「アスピリン」どこかで聞いた名前だな?と感じられる方も多いのではないかと思います。アスピリンは昔から使われている歴史のある薬のことで、解熱鎮痛作用があり、現在でも医療用医薬品(医師が処方する薬)として、また市販薬として幅広く使われています。
今日はそんなアスピリンについて詳しくお伝えしていきます。
「アスピリン」ってどんなお薬?
アスピリンは正式名称をアセチルサリチル酸といい、熱を冷ましたり痛みを和らげたりする作用を持っています。「アスピリン」という名前からピリン系の薬剤と思われやすいのですが、非ピリン系の薬剤です。
市販の薬にもよく使われており、有名なバファリンAやケロリンなどの薬の主な成分にもこのアスピリンが用いられています。
「アスピリン」の効き目は?
アスピリンは、抗炎症・解熱・鎮痛作用があり、具体的には以下のような効き目があります。
たまに痛み止めと熱さましの薬は別だと考えられている方がいます。アスピリンなども痛み止めの効果しかなく、熱を下げるには別の薬が必要だと思っている場合がありますが、それは間違いです。アスピリンは解熱鎮痛の両方の作用が期待できます。
「アスピリン」はどうやって痛みを和らげたり熱を下げたりするのか?

腰などに痛みを感じるとき、また風邪をひいて熱が出たとき、体の中ではプロスタグランジンという痛みや熱のもととなる物質があらわれています。
アスピリンはこのプロスタグランジンができるのを阻害して、痛みを感じることや熱が出ることを防ぎます。
「アスピリン」の副作用
胃腸障害
痛み止めの副作用として一番有名なのが胃腸障害です。服用することで胃に負担がかかり、胃があれてしまう事があります。

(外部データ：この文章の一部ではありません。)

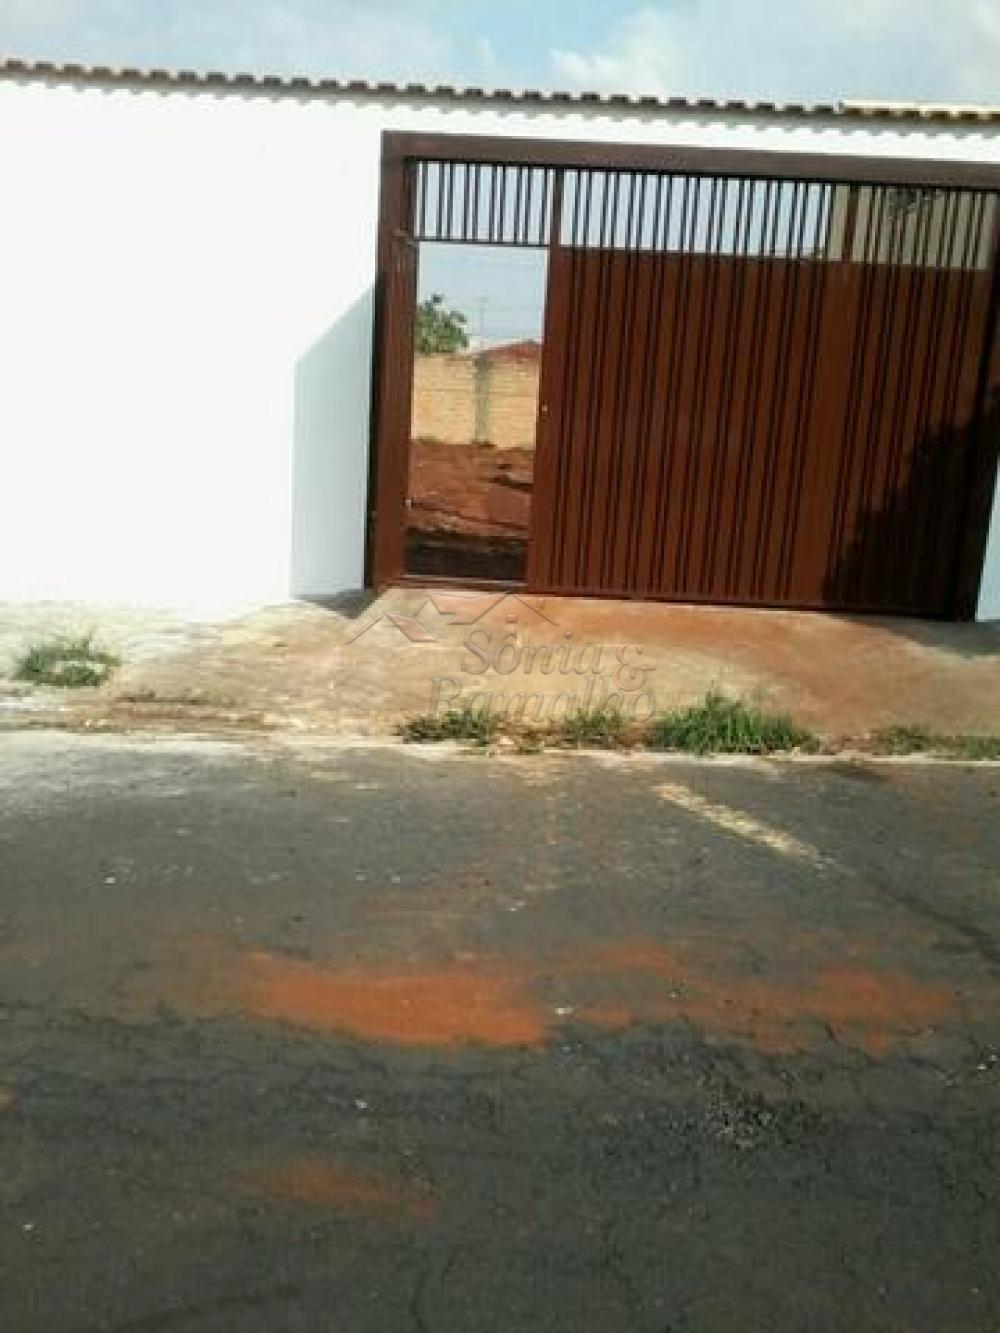 Comprar Terrenos / Lote / Terreno em Ribeirão Preto apenas R$ 160.000,00 - Foto 2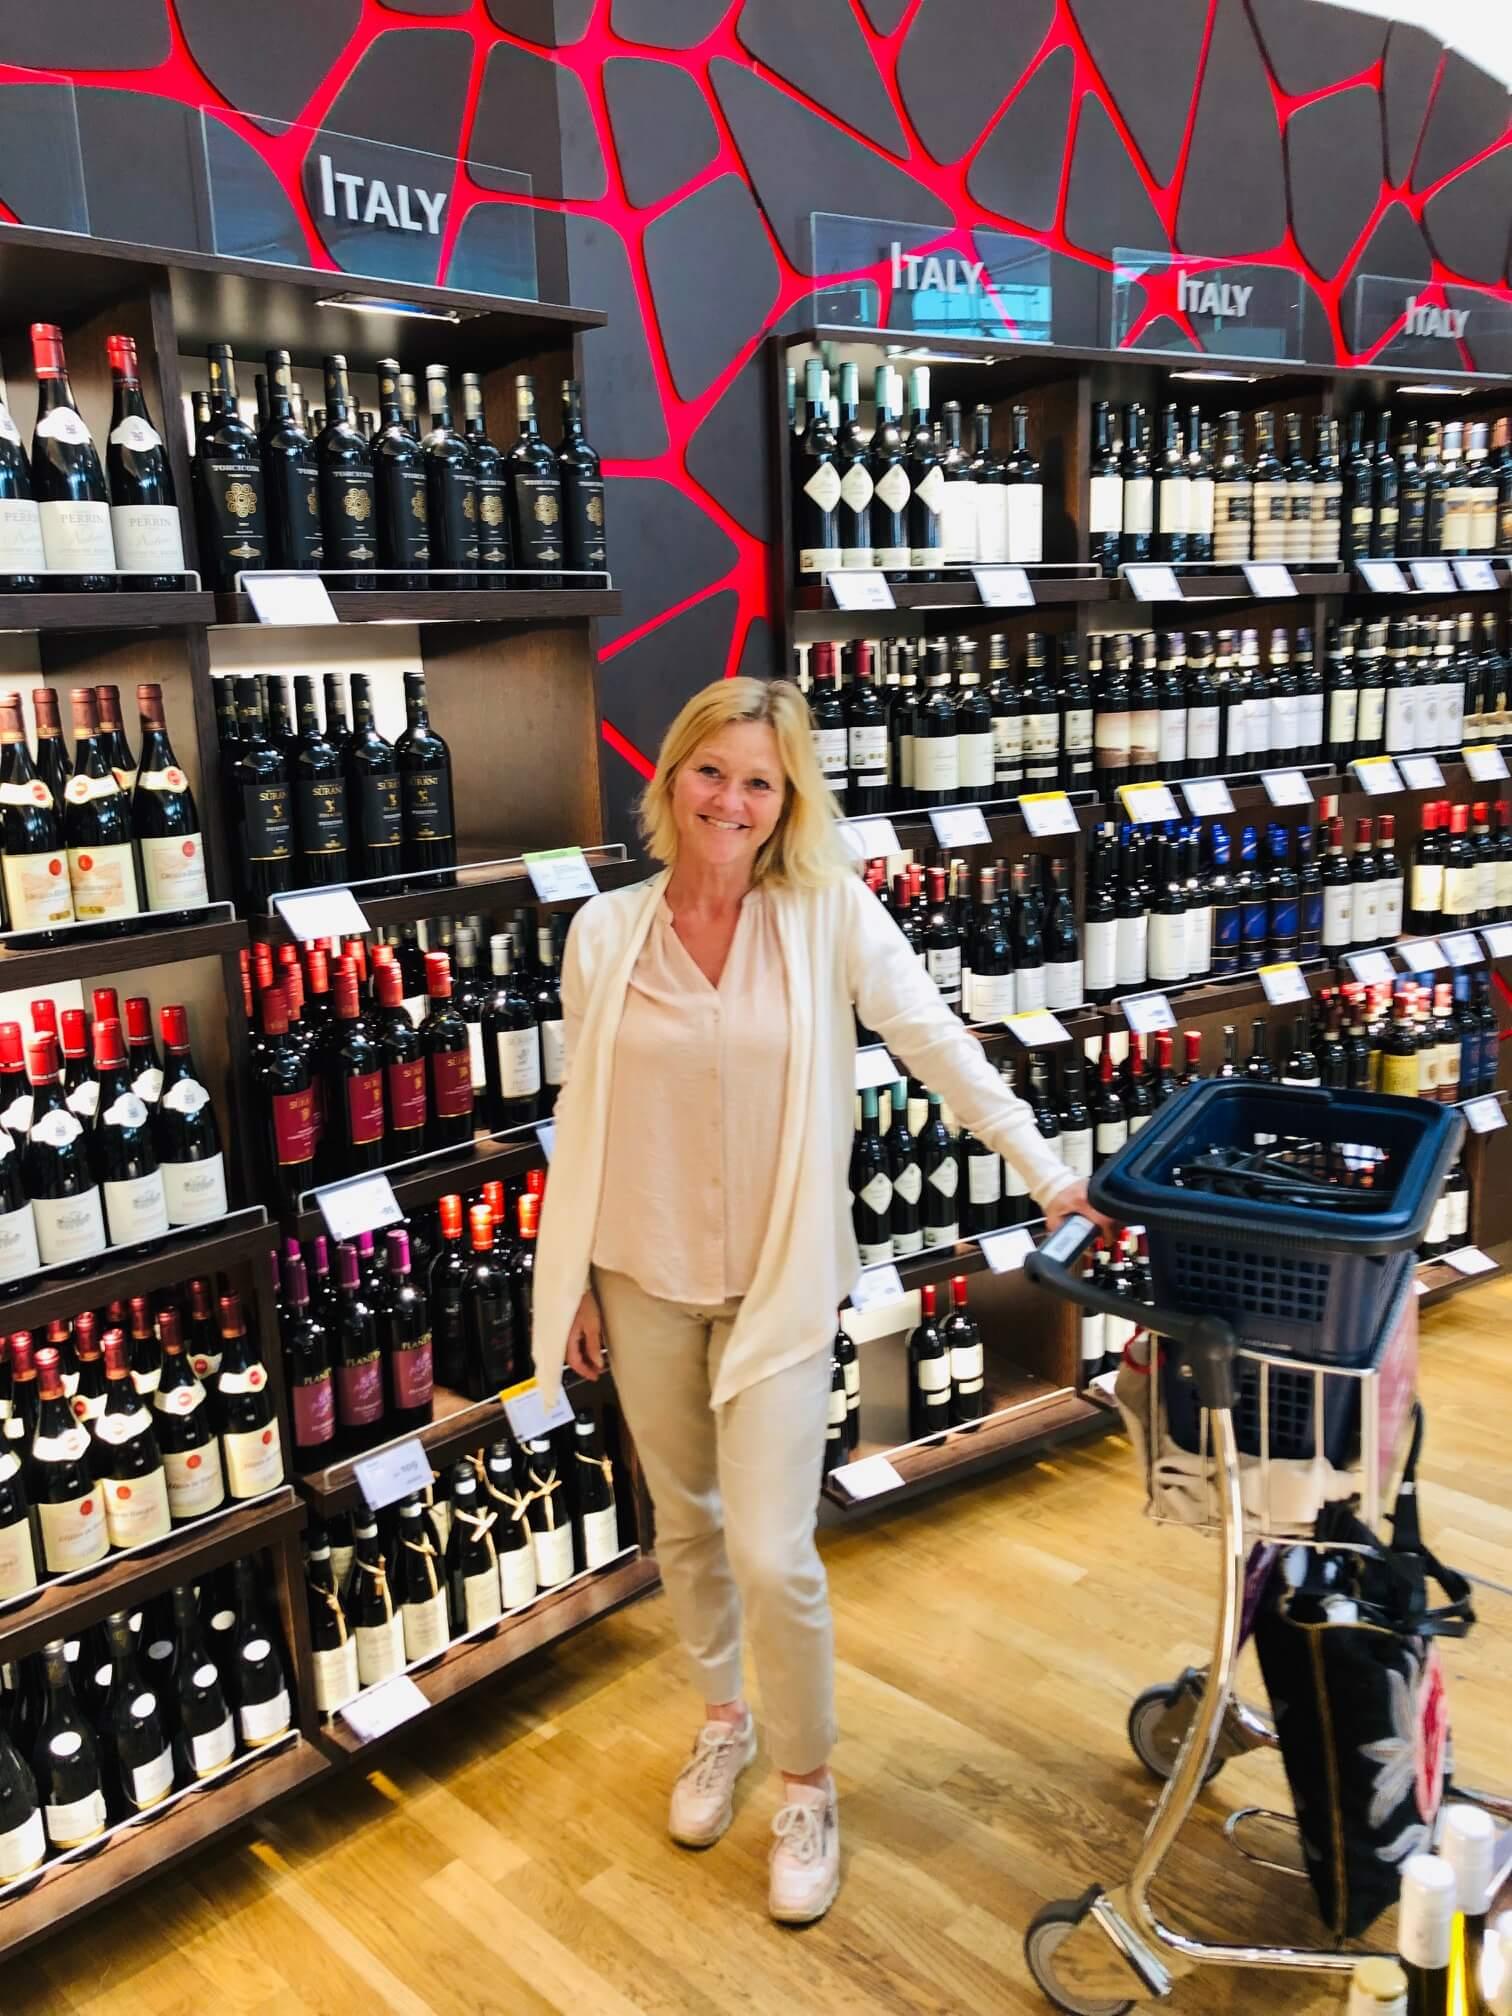 Sommerens tax-free kupp på vin

市販のアスピリンが含まれる薬には、この副作用を抑えるためにダイバッファーHTなどの胃を守る成分が一緒に入っていることがあります。
アスピリン喘息
アスピリンやその他大半の解熱鎮痛剤を飲むと、1時間以内にゼーゼー、ヒューヒューと喘息がでてくることがあります。
アスピリン喘息が出た方はアスピリン以外の解熱鎮痛剤も飲むことを控えるか、医師に相談したほうがよいでしょう。
その他
以上の副作用があらわれた場合には、服用を中止して医師や薬剤師に相談してください。
「アスピリン」を服用してはいけない人
15歳未満の小児の水痘・インフルエンザの患者
ライ症候群(急性脳症による意識障害やけいれん、または肝機能障害を引き起こす命にかかわる病気)を引き起こす恐れがあるため。
解熱鎮痛剤を服用して喘息が出たことがある人
解熱鎮痛剤、または風邪薬を服用した時に喘息が出たことがある人は、アスピリンを服用することで喘息が出る恐れがあるため。
出産予定日12週以内の妊婦
妊娠期間の延長や、分娩時の出血の増加、また胎児にも影響を与える恐れがあるため。
また、出産予定日12週以内でなくても妊娠中の服用は控えるか、医師に相談する方がよいでしょう。
他の解熱鎮痛剤などを服用している人
アスピリン以外でも他の解熱鎮痛剤や風邪薬を服用している人は、成分が重複する恐れがあり、副作用などが強く出てしまう事があるので、一緒に服用しないでください。
その他に注意すべき人
- 心臓病・肝臓病・腎臓病・胃・十二指腸潰瘍等と診断を受けている人。
- その他にも医師や歯科医師の治療を受けている人。
- 薬などでアレルギー症状を起こしたことがある人。
- 高齢者(ほかに病気を持っていたり、副作用が出たりしやすいため)
- 授乳中の人(母乳中にアスピリンの成分が出てしまう恐れがある)
もう一つのアスピリンの効果
市販されているアスピリン製剤は解熱鎮痛剤のみですが、医療用のアスピリンは解熱鎮痛作用以外に、血栓(血の塊)を作るのを防ぐ作用を利用して、脳梗塞や心筋梗塞などの血栓形成予防などに使われています。
この二つの効能・効果の違いにはアスピリンの服用する量が関わっており、解熱鎮痛剤として使われる場合はアスピリンを1回500mg~1500mg服用しますが、血栓形成抑制剤として使われる場合は通常、81mg(バファリンA)または100mg(バイアスピリン)を1日1回服用します。
このように、市販のバファリンAと医療用のバファリンAは使用目的が異なるため、服用量も異なります。
まとめ
よく聞く「アスピリン」という薬、その中身については知らないことも多かったのではないでしょうか?用法用量や注意をしっかり守れば、便利で使いやすい薬になると思います。服用してもよいか迷った場合は、医師や登録販売者・薬剤師などに聞いてみましょう。